• _About this exercise_: Output exactly, in the material below, the lines from the one with "GoFundMe - a" through the one with "View of the". Omit all pictures.

• _Provided information_:
# # # # # # #
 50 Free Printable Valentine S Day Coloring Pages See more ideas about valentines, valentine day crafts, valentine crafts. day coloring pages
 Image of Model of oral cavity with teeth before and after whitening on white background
# # # # # # #
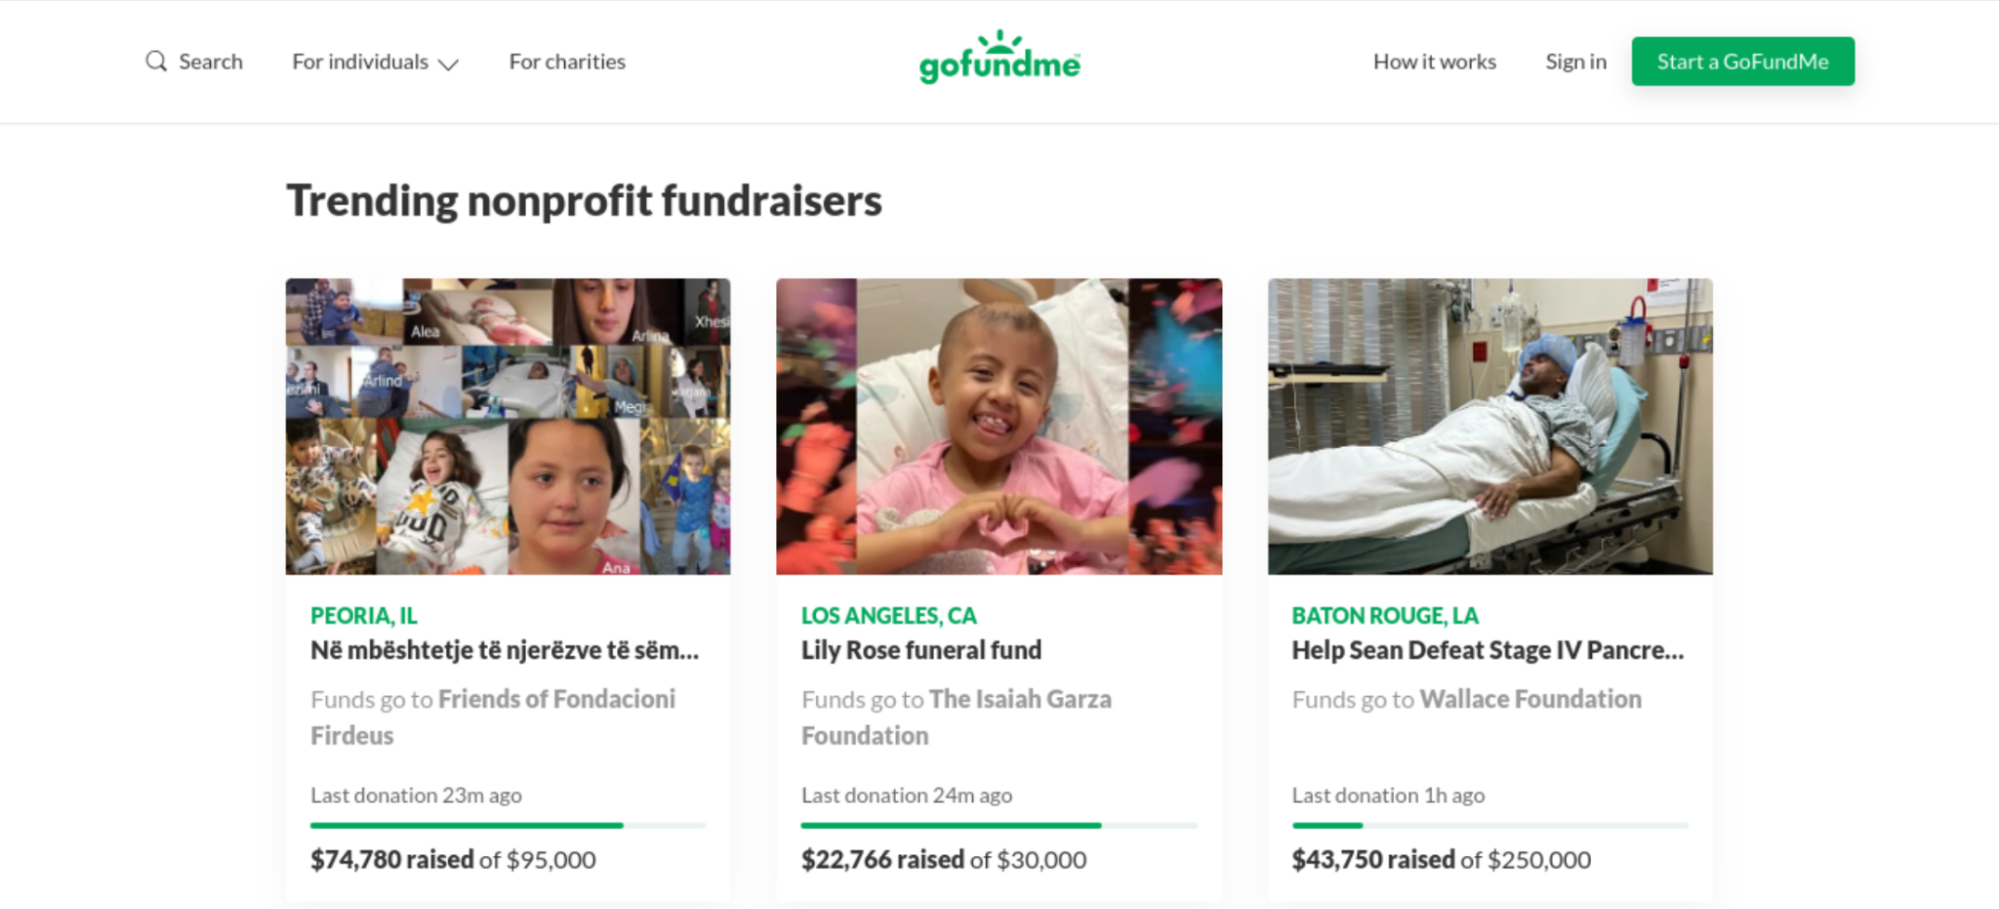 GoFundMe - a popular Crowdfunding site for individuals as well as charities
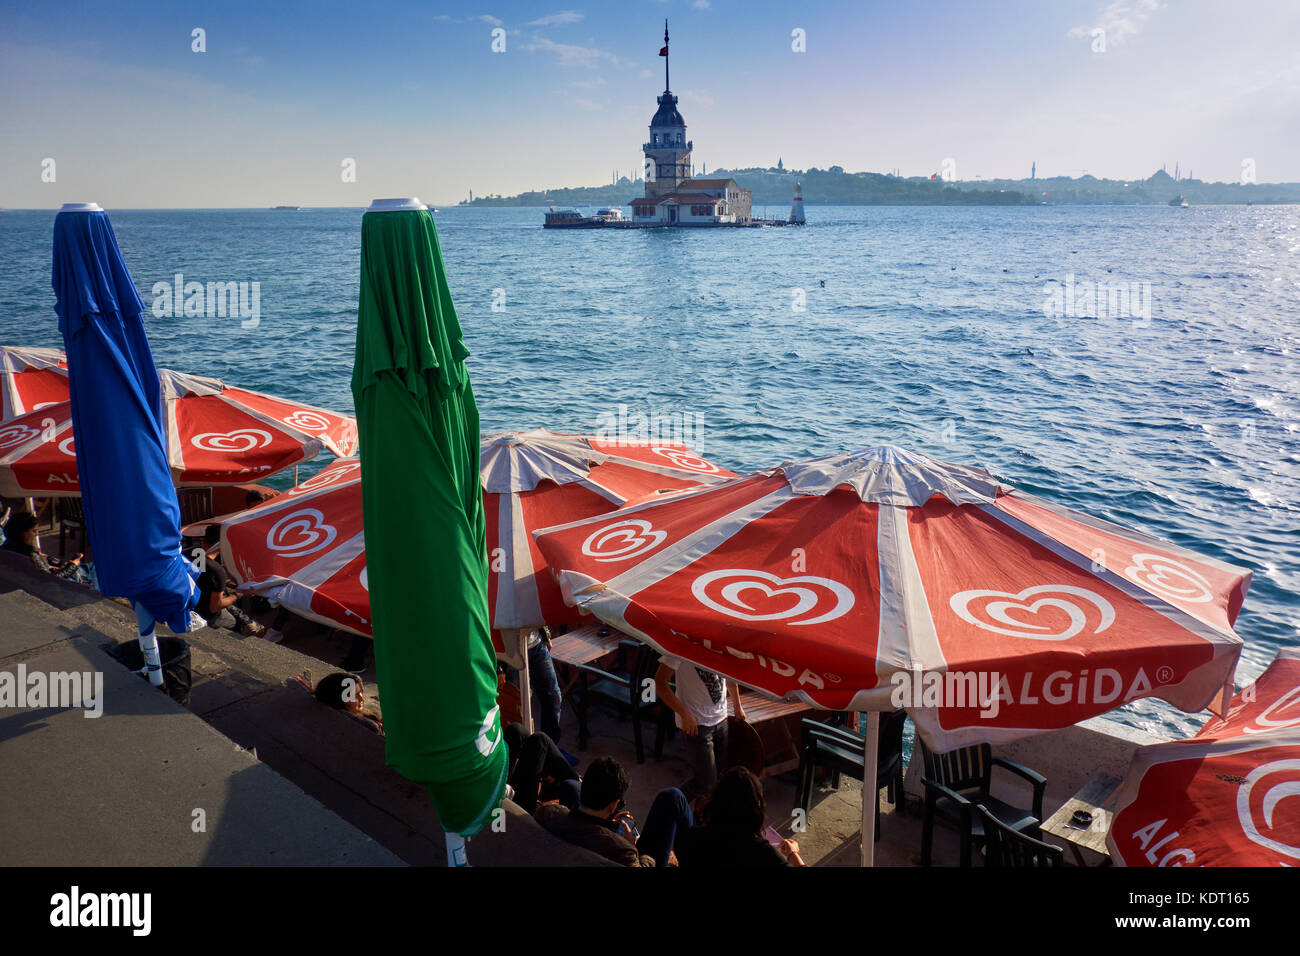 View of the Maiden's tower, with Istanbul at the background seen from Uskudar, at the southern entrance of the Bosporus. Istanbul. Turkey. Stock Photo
# # # # # # #
• _Solution below_:
 GoFundMe - a popular Crowdfunding site for individuals as well as charities
 View of the Maiden's tower, with Istanbul at the background seen from Uskudar, at the southern entrance of the Bosporus. Istanbul. Turkey. Stock Photo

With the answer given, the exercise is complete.